Entrepreneurs can receive prototypes within a few weeks after signing up on the Sembler website, which features an interface that has been streamlined since launch last fall. New Sembler users receive a discount if referred by existing customers – who also receive a discount on their next set of devices. Each user’s intellectual property is protected throughout the process.
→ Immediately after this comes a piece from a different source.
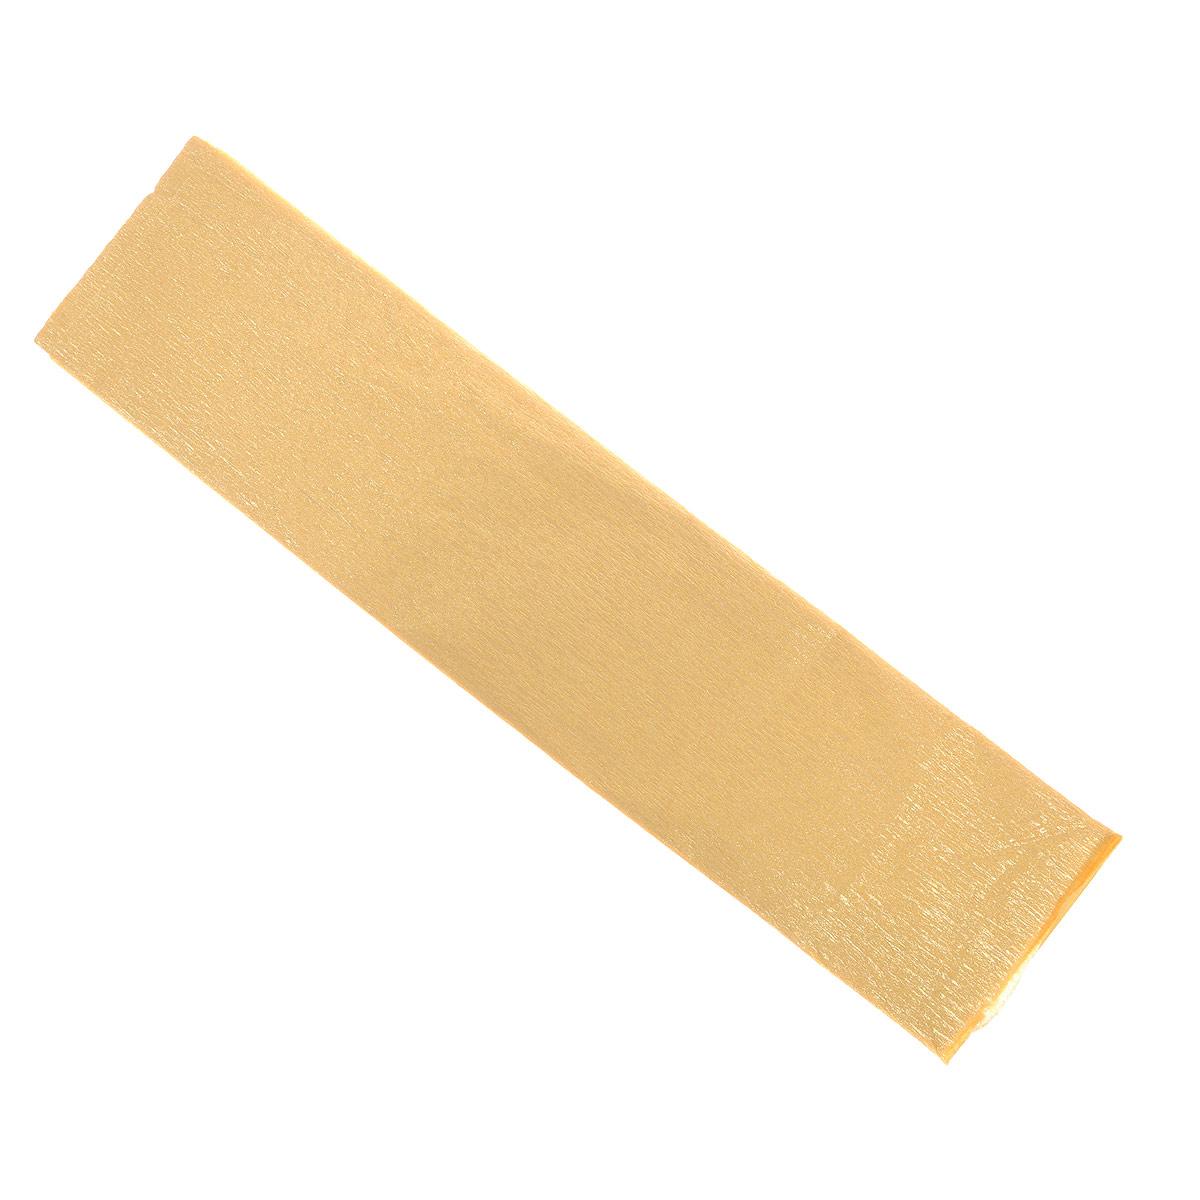 Крепированная бумага Hatber, перламутровая, цвет: желтый, 5 см х 25 смБк2пл_00016Цветная крепированная бумага Hatber - отличный вариант для развития творчества вашего ребенка. Бумага с фактурным покрытием очень гибкая и мягкая, из нее можно создавать чудесные аппликации, игрушки, подарки и объемные поделки. Цветная крепированная бумага Hatber способствует развитию фантазии, цветовосприятия и мелкой моторики рук. Размер бумаги - 5 см х 25 см.
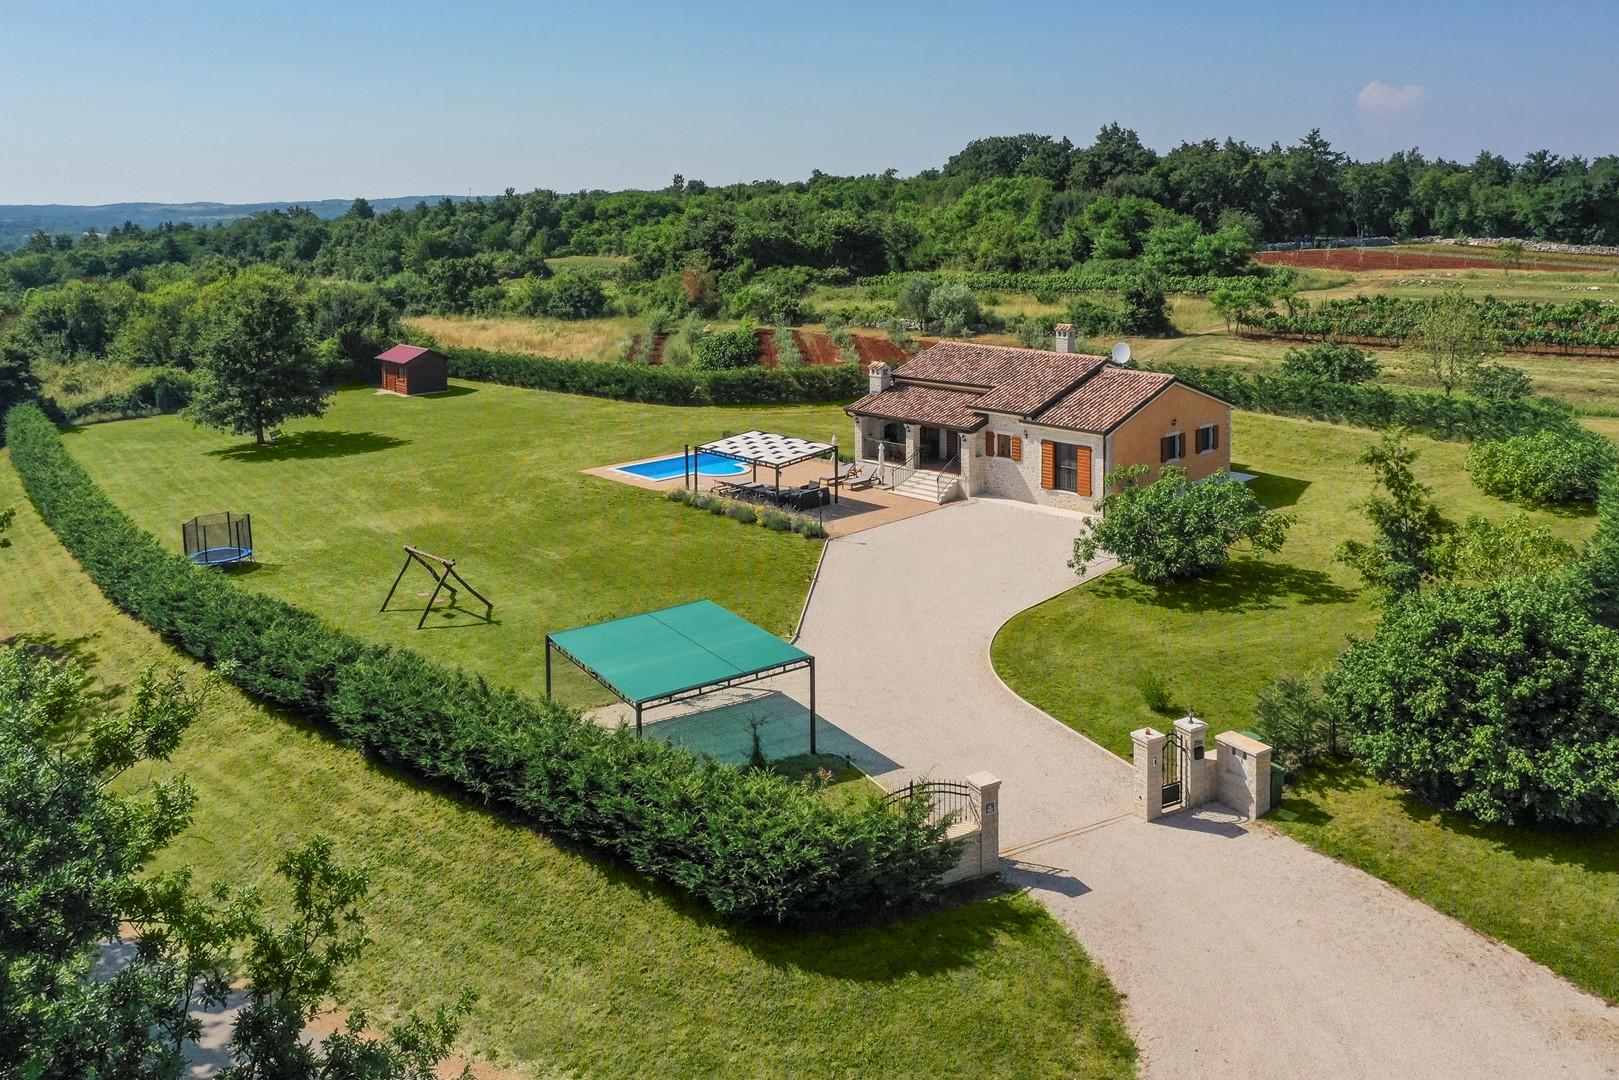 Ferienhaus Villa Elida mit Pool in abgelegene Lage - Zentral-Istrien (2789996), Pazin, , Istrien, Kroatien, Bild 39

Sembler offers startups an easy, inexpensive way to get microfluidic prototypes (shown above) built on a consistent, reliable production schedule.
Capabilities Used
Materials Engineering & Microfabrication

Draper continues to develop its expertise in designing, characterizing and processing materials at the macro-, micro- and nanoscales. Understanding the physical properties and behaviors of materials at these various scales is vital to exploit them successfully in designing components or systems. This enables the development and integration of biomaterials, 3D printing and additive manufacturing, wafer fabrication, chemical and electrochemical materials and structural materials for application to system-level solutions required of government and commercial sponsors.

Biomedical Solutions

Draper’s Biomedical Solutions capability centers on the application of microsystems, miniaturized electronics, computational modeling, algorithm development and image and data analytics applied to a range of challenges in healthcare and related fields. Draper fills that critical engineering niche that is required to take research or critical requirements and prototype or manufacture realizable solutions.  Some specific examples are MEMS, microfluidics and nanostructuring applied to the development of wearable and implantable medical devices, organ-assist devices and drug-delivery systems. Novel neural interfaces for prosthetics and for treatment of neurological conditions are being realized through a combination of integrated miniaturized electronics and microfabrication technologies.